▸ What needs to be done:
Go to the line in the entries below that holds "A mounted ivory-billed woodpecker" and repeat exactly from there through the line that holds "Diamond Heart Key", inclusive.
====== Study material ======
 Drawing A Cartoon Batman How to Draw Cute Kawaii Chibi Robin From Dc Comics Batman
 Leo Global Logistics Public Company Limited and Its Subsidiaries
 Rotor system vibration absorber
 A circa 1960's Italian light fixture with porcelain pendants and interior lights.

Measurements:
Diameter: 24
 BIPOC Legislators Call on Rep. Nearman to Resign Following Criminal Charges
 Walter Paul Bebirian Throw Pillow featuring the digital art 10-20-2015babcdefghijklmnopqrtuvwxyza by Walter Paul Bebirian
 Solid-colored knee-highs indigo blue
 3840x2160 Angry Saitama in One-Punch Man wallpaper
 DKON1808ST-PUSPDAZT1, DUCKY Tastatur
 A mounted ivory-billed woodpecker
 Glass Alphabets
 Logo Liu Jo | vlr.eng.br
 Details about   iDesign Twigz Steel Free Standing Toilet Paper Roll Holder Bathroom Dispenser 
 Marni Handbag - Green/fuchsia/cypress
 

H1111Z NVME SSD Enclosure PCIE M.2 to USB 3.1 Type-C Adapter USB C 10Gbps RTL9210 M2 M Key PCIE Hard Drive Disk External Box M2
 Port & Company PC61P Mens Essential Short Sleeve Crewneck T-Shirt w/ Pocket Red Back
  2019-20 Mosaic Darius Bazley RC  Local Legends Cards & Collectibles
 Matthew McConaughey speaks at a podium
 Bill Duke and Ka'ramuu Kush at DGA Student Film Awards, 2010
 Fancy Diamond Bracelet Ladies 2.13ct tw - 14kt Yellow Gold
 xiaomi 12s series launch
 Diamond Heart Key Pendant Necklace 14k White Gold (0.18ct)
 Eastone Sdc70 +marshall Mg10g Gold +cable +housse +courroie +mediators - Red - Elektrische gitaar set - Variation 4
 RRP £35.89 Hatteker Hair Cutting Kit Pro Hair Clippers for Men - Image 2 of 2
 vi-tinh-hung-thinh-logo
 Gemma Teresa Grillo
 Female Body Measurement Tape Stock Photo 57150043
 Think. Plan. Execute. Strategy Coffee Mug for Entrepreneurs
======
▸ Expected answer:
 A mounted ivory-billed woodpecker
 Glass Alphabets
 Logo Liu Jo | vlr.eng.br
 Details about   iDesign Twigz Steel Free Standing Toilet Paper Roll Holder Bathroom Dispenser 
 Marni Handbag - Green/fuchsia/cypress
 

H1111Z NVME SSD Enclosure PCIE M.2 to USB 3.1 Type-C Adapter USB C 10Gbps RTL9210 M2 M Key PCIE Hard Drive Disk External Box M2
 Port & Company PC61P Mens Essential Short Sleeve Crewneck T-Shirt w/ Pocket Red Back
  2019-20 Mosaic Darius Bazley RC  Local Legends Cards & Collectibles
 Matthew McConaughey speaks at a podium
 Bill Duke and Ka'ramuu Kush at DGA Student Film Awards, 2010
 Fancy Diamond Bracelet Ladies 2.13ct tw - 14kt Yellow Gold
 xiaomi 12s series launch
 Diamond Heart Key Pendant Necklace 14k White Gold (0.18ct)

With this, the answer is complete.